- _WHAT NEEDS TO BE DONE_
Reproduce the section of the listing that begins at the line containing "La civilisation danoise" and finishes at the line containing "Phó Chủ tịch". Include both end lines and nothing beyond them.

- _RECORDS PROVIDED_
● ● ●

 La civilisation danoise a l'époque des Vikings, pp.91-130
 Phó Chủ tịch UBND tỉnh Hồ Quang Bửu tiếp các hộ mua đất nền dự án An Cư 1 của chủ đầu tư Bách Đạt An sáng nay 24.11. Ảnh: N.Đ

● ● ●

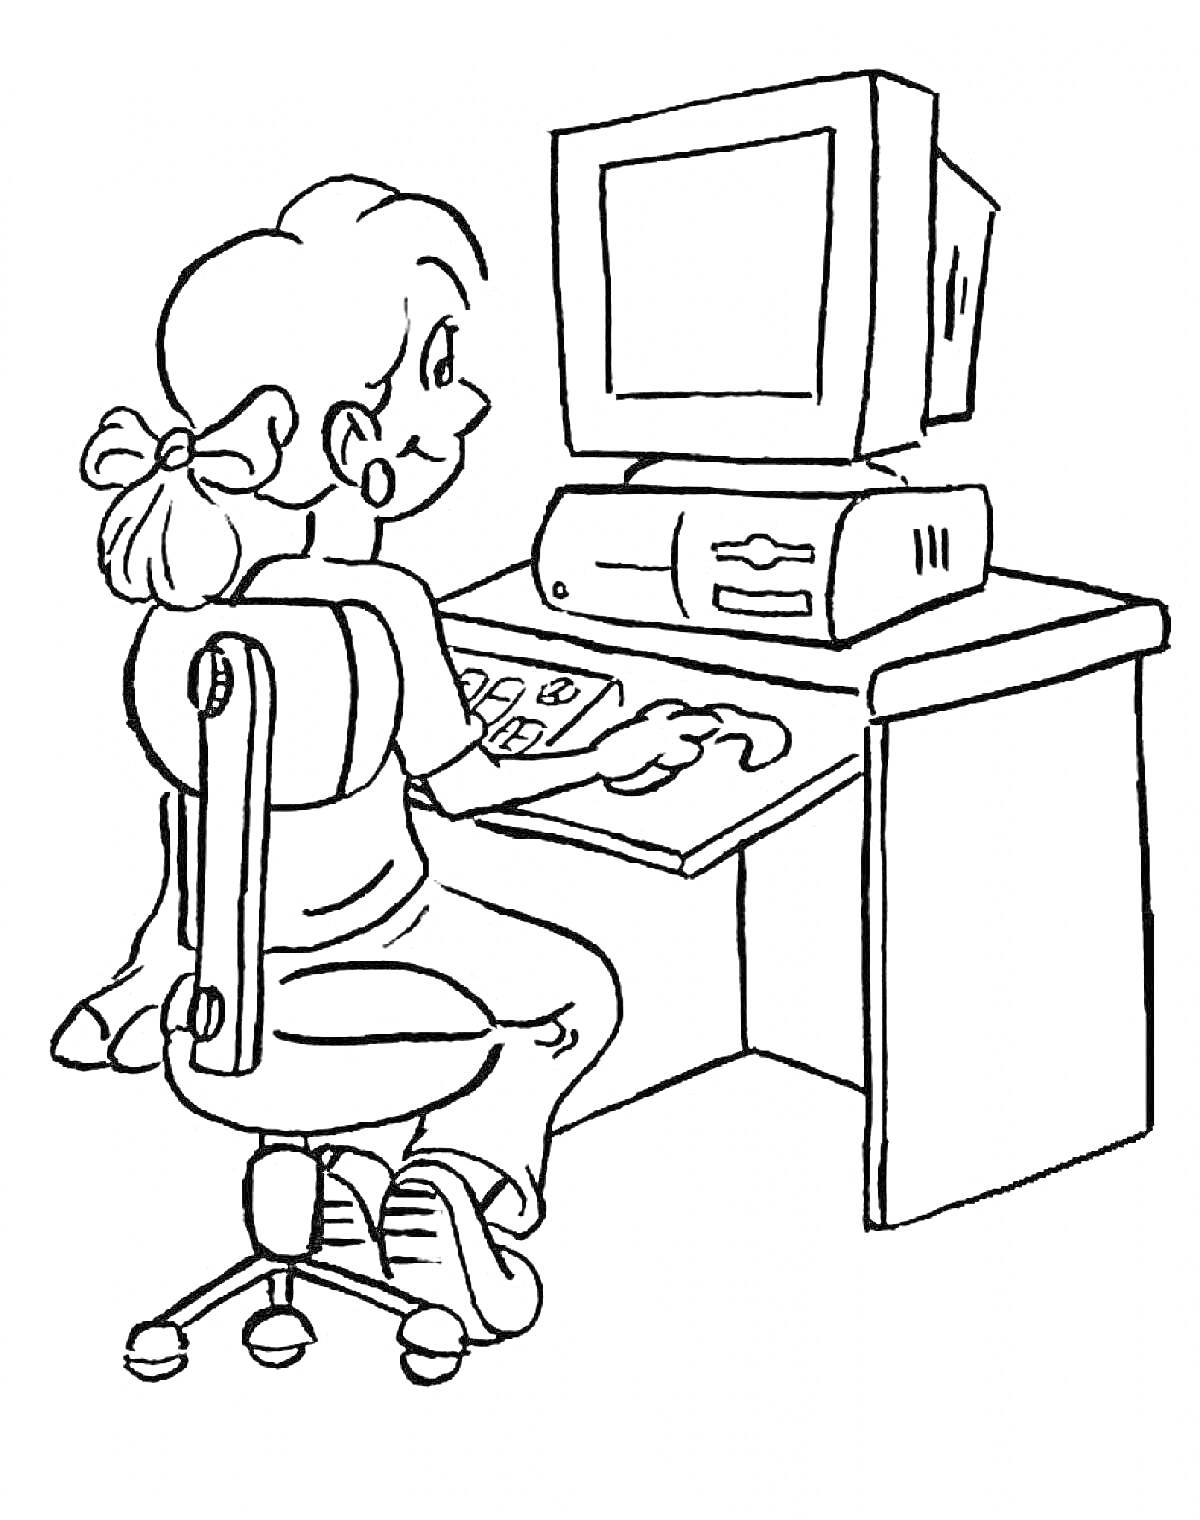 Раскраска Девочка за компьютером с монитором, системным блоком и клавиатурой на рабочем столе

● ● ●

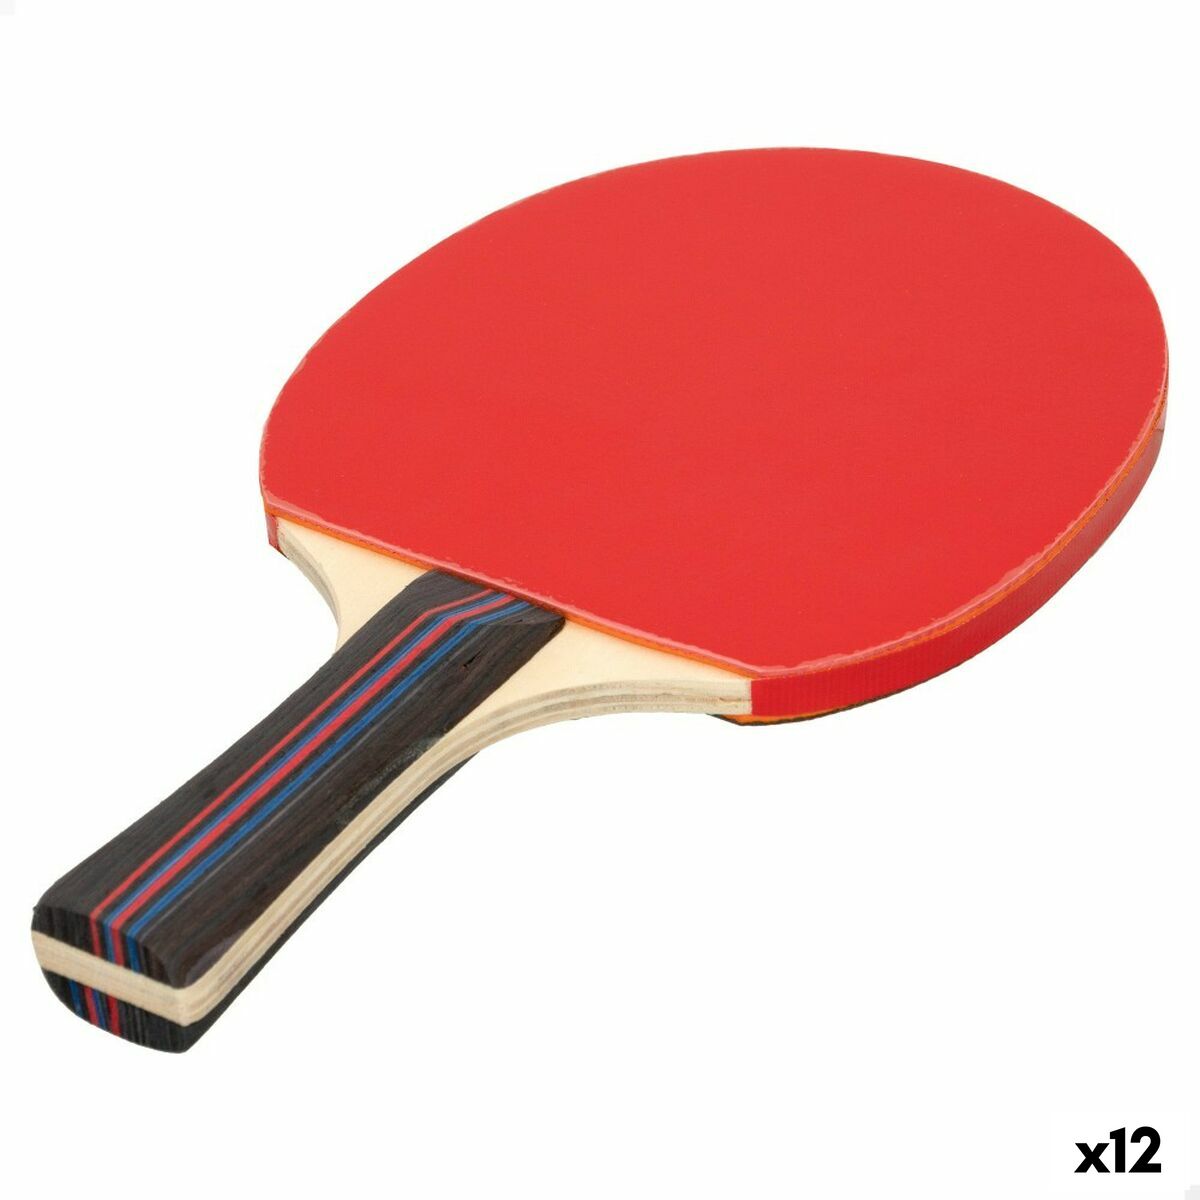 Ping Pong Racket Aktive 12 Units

● ● ●

- _TASK RESULT_
 La civilisation danoise a l'époque des Vikings, pp.91-130
 Phó Chủ tịch UBND tỉnh Hồ Quang Bửu tiếp các hộ mua đất nền dự án An Cư 1 của chủ đầu tư Bách Đạt An sáng nay 24.11. Ảnh: N.Đ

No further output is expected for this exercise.